Zum Wintersemester nimmt der neue Studiengang Cognitive Science die ersten Studierenden auf. Neben der Einführung von Bachelor- und Mastergrad, englischsprachigen Veranstaltungen und der Einführung des ECTS, die allesamt die Internationalität des Studienganges gewährleisten sollen, bietet er ein weiteres Novum: die Immatrikulation auf Probe.

Bevor noch das endgültige Plazet aus Hannover zur Einrichtung des neuen Studienganges kam, tauchte eine Aufnahmeordnung auf, die ohne Beteiligung der zuständigen Gremien im Fachbereich Sprach- und Literaturwissenschaft direkt vom Senat beschlossen worden ist.

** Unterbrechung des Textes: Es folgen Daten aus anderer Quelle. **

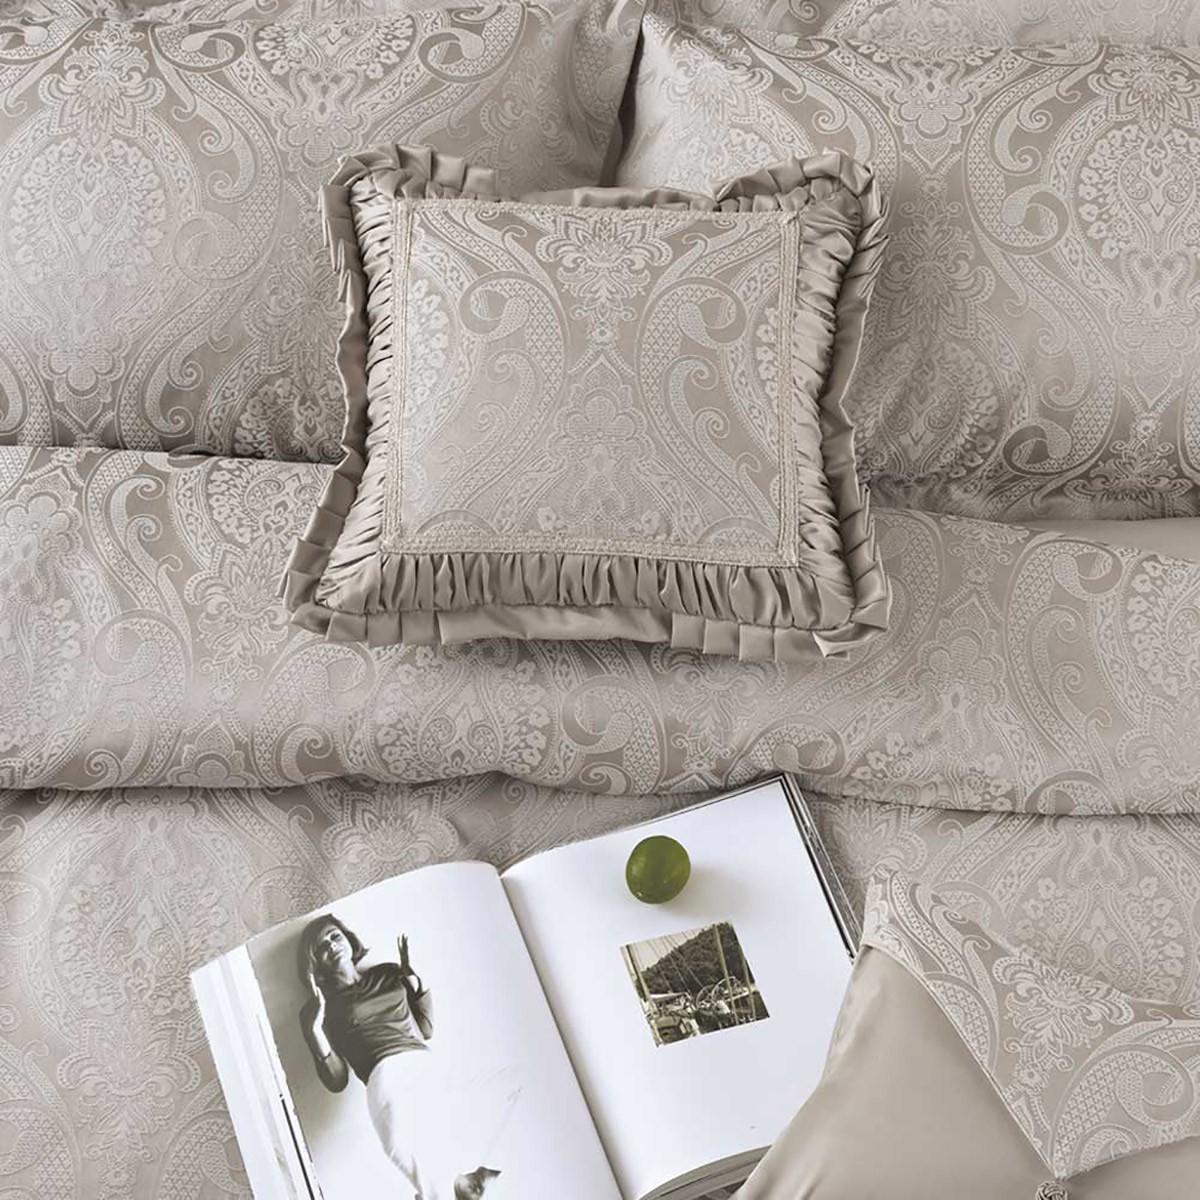 Διακοσμητική Μαξιλαροθήκη Με Βολάν Kentia Serenity Arya 26

Inhalt dieser Ordnung ist vor allem die Befristung der Immatrikulation auf zwei Semester. Die Rückmeldung nach dem zweiten Semester soll nur für diejenigen Studierenden möglich sein, die die ECTS-Kreditpunkte für alle obligatorischen Veranstaltungen des ersten und zwei obligatorische Veranstaltungen des zweiten Semesters vorweisen können. Dies entspricht insgesamt voraussichtlich mindestens sechs Leistungsnachweisen. Denjenigen, die nicht alle diese Nachweise vorlegen können, soll eine Rückmeldung "unter Auflagen" möglich sein.

Der Sinn eines solchen Verfahrens bleibt zunächst unklar. Der Studiengang Cognitive Science ist in höchstem Maße interdisziplinär – das Studium umfaßt Gebiete so verschiedener Fächer wie Biologie, Linguistik, Mathematik, Künstliche Intelligenz, Philosophie, Psychologie und Informatik. Da ist es unwahrscheinlich, daß man die für das Studium "geeigneten" StudentInnen schon nach zwei Semestern erkennen kann, zumal auch international nur wenig Erfahrung mit einem grundständigen Studiengang Cognitive Science vorliegt.

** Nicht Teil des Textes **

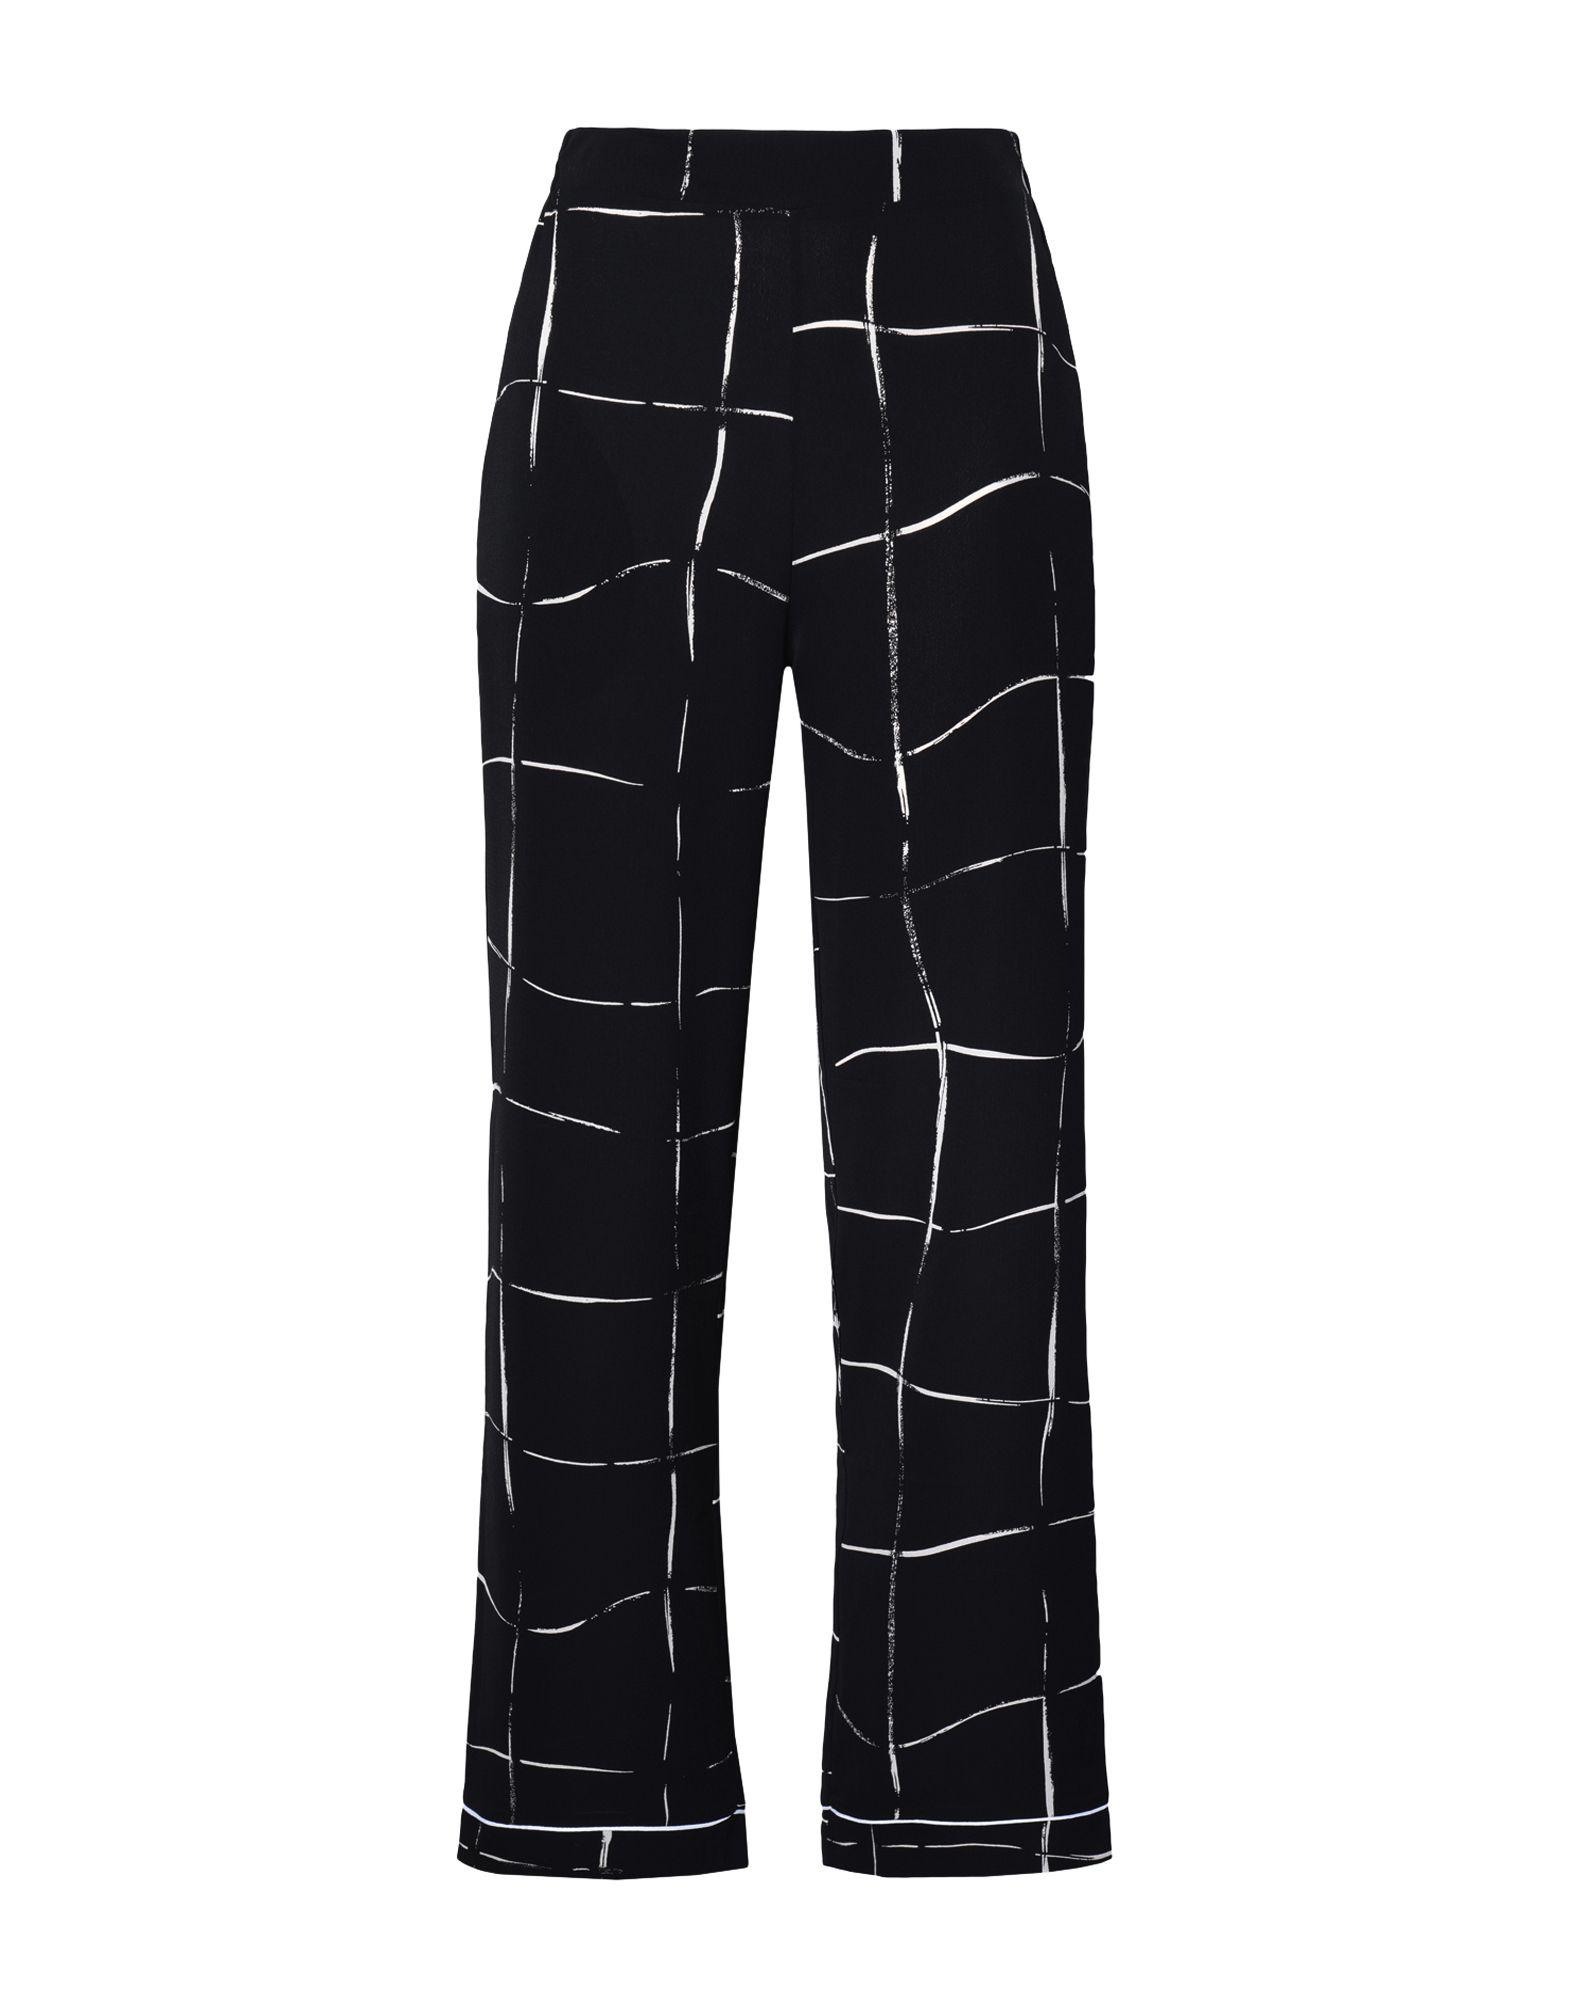 8 by YOOX Повседневные брюки брюки дудочки 7 8 с жаккардовым рисунком в горошек

Für die Studierenden ergeben sich durch diese Regelung nur Nachteile: Von der sozialen Situation wird vollkommen abstrahiert; würde der Anteil der StudentInnen berücksichtigt werden, der durch Arbeit, Kindererziehung, Behinderung etc. nicht in der Lage ist, ein "Vollzeitstudium" zu absolvieren, wäre der Regelfall dieser Bestimmung sicherlich die Ausnahme. Nicht in Betracht gezogen wurde außerdem die besondere Situation der ausländischen Studierenden – Cognitive Science als "auslandsorientierter Studiengang" strebt einen AusländerInnenanteil von 50% an –, die sich vor Ort erst akklimatisieren müssen und gleich im ersten Semester damit konfrontiert werden, Pflichtscheine in Veranstaltungen erwerben zu müssen, die in einer kaum beherrschten Fremdsprache abgehalten werden. Auch unter organisatorischen Gesichtspunkten erscheint die Regelung fraglich, denn für viele Studierende bringt sie eine erhebliche Unsicherheit mit sich – wer sich im Juli zurückgemeldet hat, fällt eine Woche später vielleicht durch die Klausur oder kommt mit seiner Hausarbeit nicht durch und ist im Oktober bereits exmatrikuliert.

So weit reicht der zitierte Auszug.